[Folkish] Devendra Banhart

Annie Zaleski

Devendra Banhart’s innate weirdness is both a blessing and a curse. While the 26-year-old rode his eccentricity all the way to the head of the neo-freak-folk movement (of course, stellar albums such as 2005’s Cripple Crow didn’t hurt either), those not enamored with his hippie-dippie shtick tend to dismiss him, and his tunes. Which would be a shame, at least where Banhart’s latest collection of songs, Smokey Rolls Down Thunder Canyon, is concerned.

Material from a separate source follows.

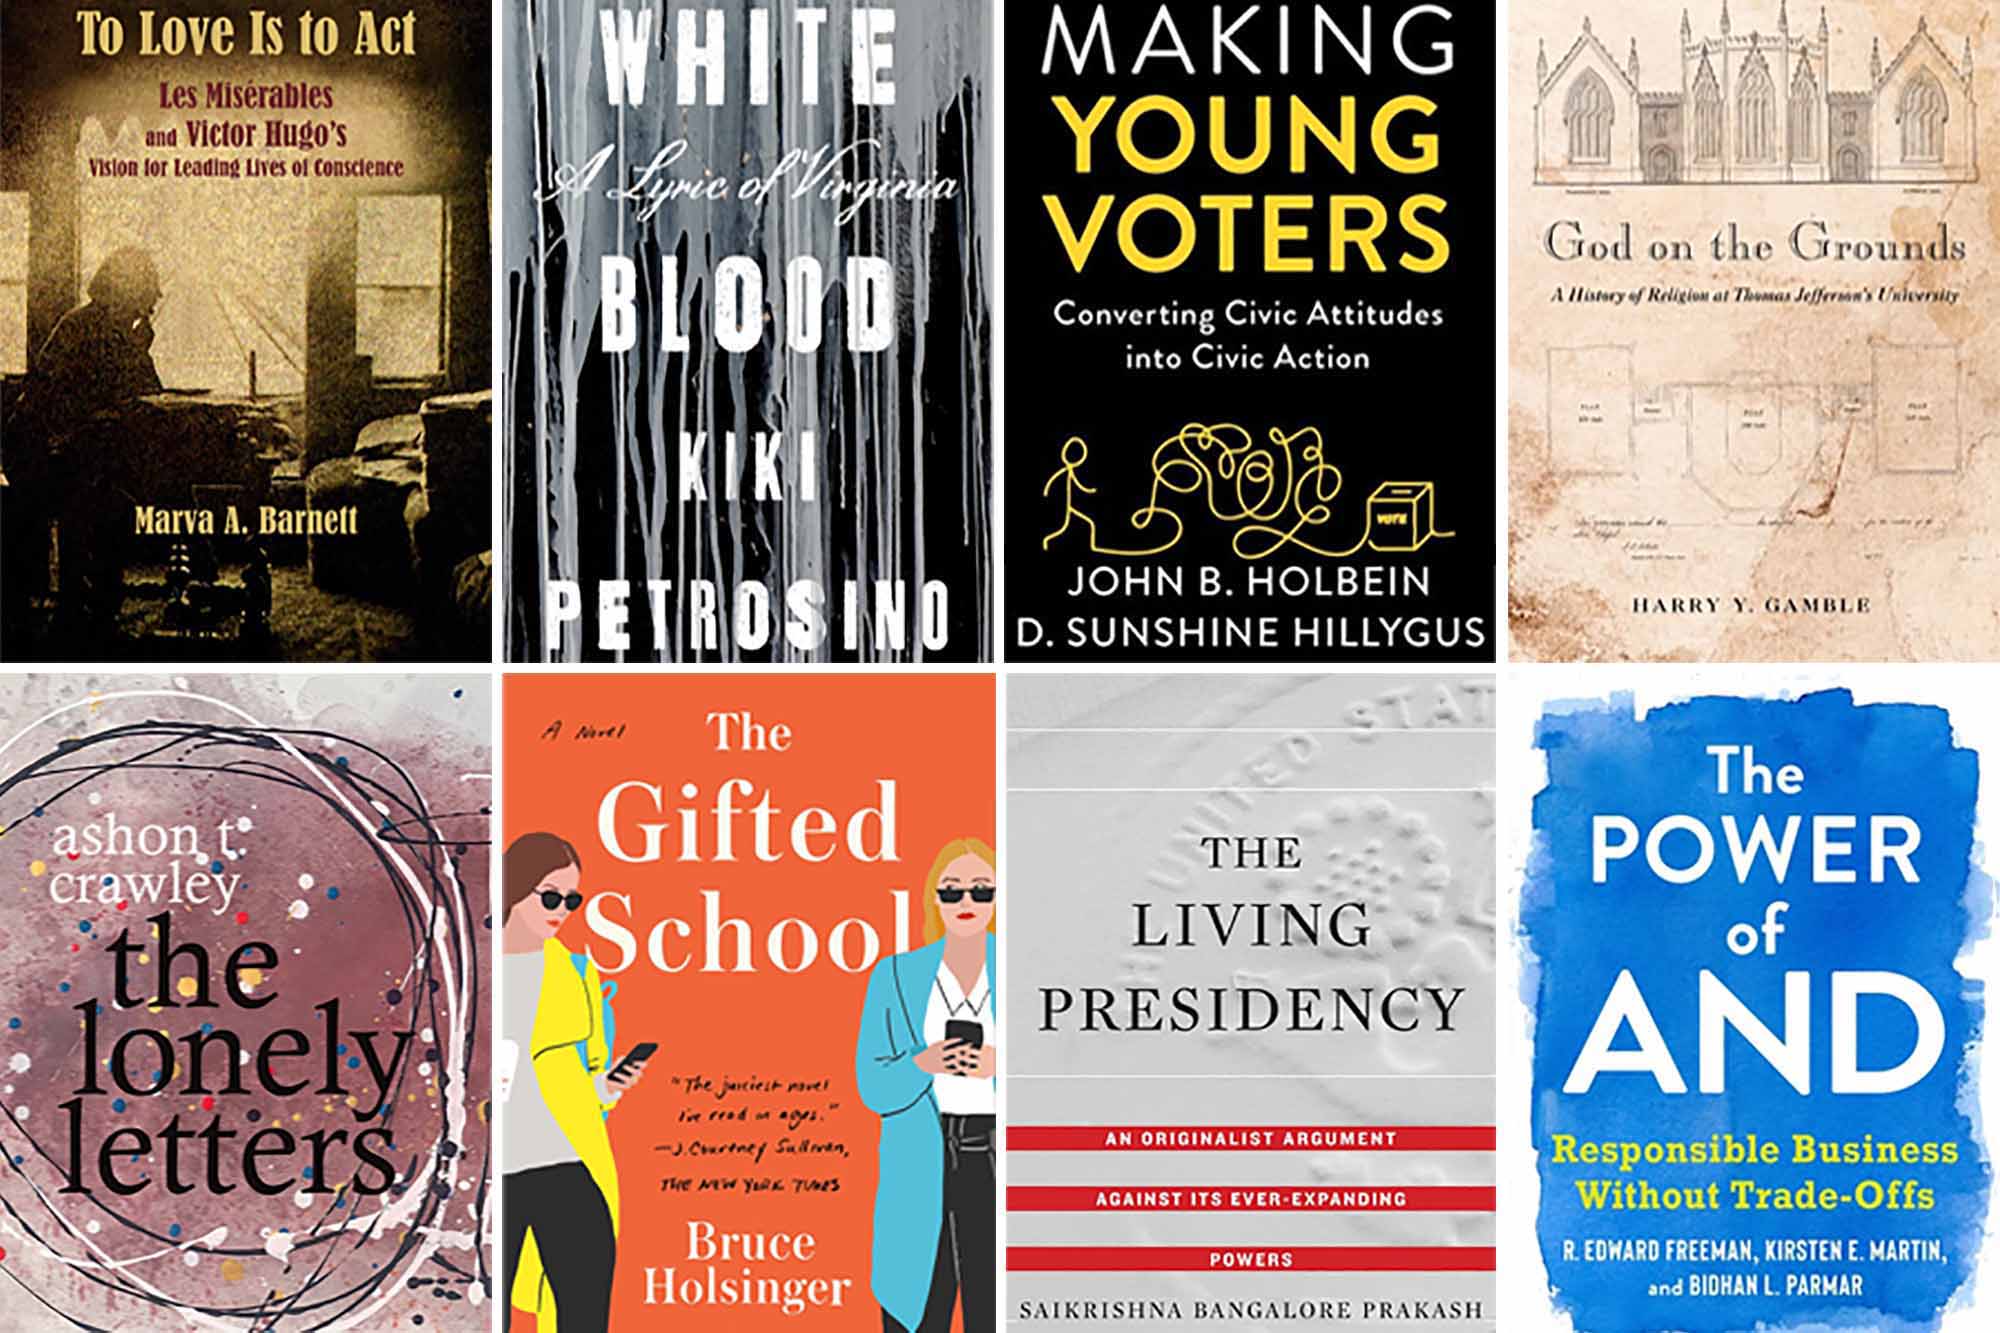 eight book covers left to right then down: To love is to act, White  blood, making young voters,  God on the Grounds, The lonely letters, the gifted school, the living presidency, the power of and responsible business without trade-offs

A pleasing, tranquil amalgamation of garage rock, campfire folk and classic rock—think a calm day spent watching the ocean—the album proves that the singer-songwriter is much more than the sum of his quirks. In fact, Canyon’s impact lies in its linear elements and his lovely interpretations of classic motifs. “Sea Horse” features a Hendrix-like guitar solo and Banhart quavering like Jim Morrison, a gospel choir chimes in on “Saved,” and “Shabop Shalom” conjures the Frankie Valli and the Four Seasons doo-wop hit “Stay.” But Banhart’s unique background (specifically, his Venezuelan upbringing) influences most of Canyon’s highlights; fluttery Spanish guitars and gravelly vocal turns—often sung in lilting Spanish, to great effect—reveal a solemnity that’s quite moving.